New York City owners who are considering a subtantial renovation of their commercial or industrial property are faced with two choices: They can pay for the renovation themselves or they can get the city for part of it. Those who wish to be in the latter group should immediately contact an attorney familiar with the city's Industrial and Commercial Incentive Program ("ICIP"), which provides substantial tax exemption benefits for newly renovated properties.

The Basics

ICIP originally benefitted owners who were constructing new buildings. The statute was amended in September of 1992 to extend tax benefits for "renovation construction work," which generally encompasses the modernization, rehabilitation or improvement of an existing building for use as commercial property. This amendment is particularly important because many owners must now renovate their buildings in order to attract new tenants and retain existingones.
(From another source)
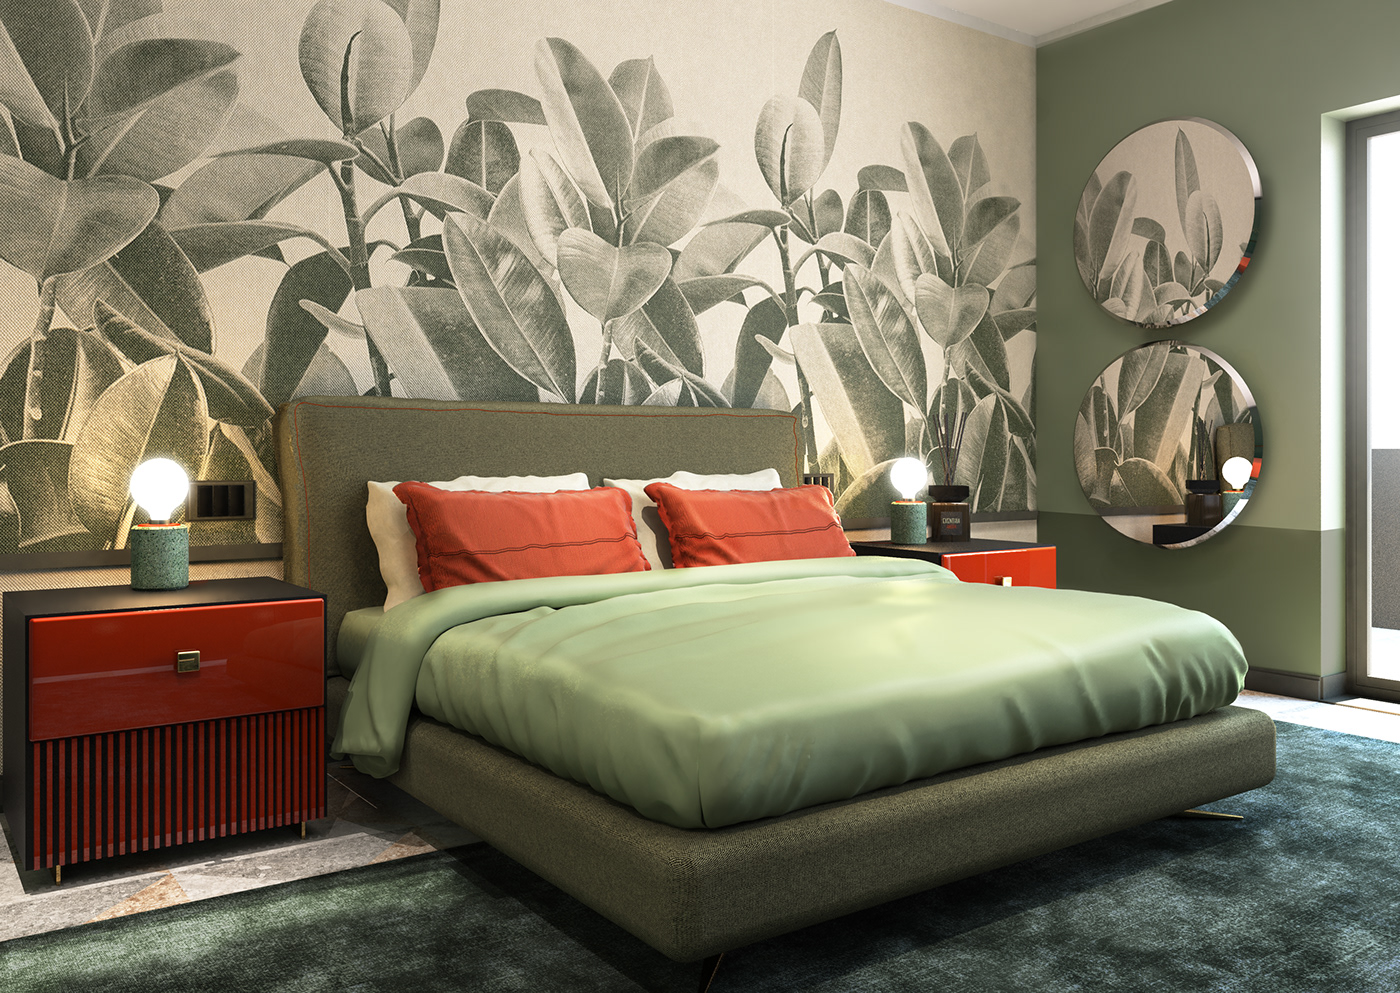 home Interior design interior design  architecture Sage modern green orange Project new project house living room bed room bathroom dining room room rooms ied Istituto Europeo Di Design Turin torino

The ICIP tax benefit offsets the physical increase in a building's AV [assessed valuation] that will ordinarily result from a subtantial rehabilitation. If, for example, a construction project results in a physical AV increase of $5 million, the owner will receive a 100 percent exemption from real estate taxes on that $5 million for eight years, with the tax exemption declining by 20 percent per year over the next four years. Thereafter, the owner pays real estate taxes on the full AV of the building.

The ICIP amendment for renovation construction is so new that few attorneys are aware of it, and even fewer have actually filed applications under the new law. In October of 1992, Rosenberg & Estis filed one of the first post-amendment ICIP applications, relating to a $77 million construction project. The application had been planned and prepared months before the bill authorizing the amendment was passed by the City Council.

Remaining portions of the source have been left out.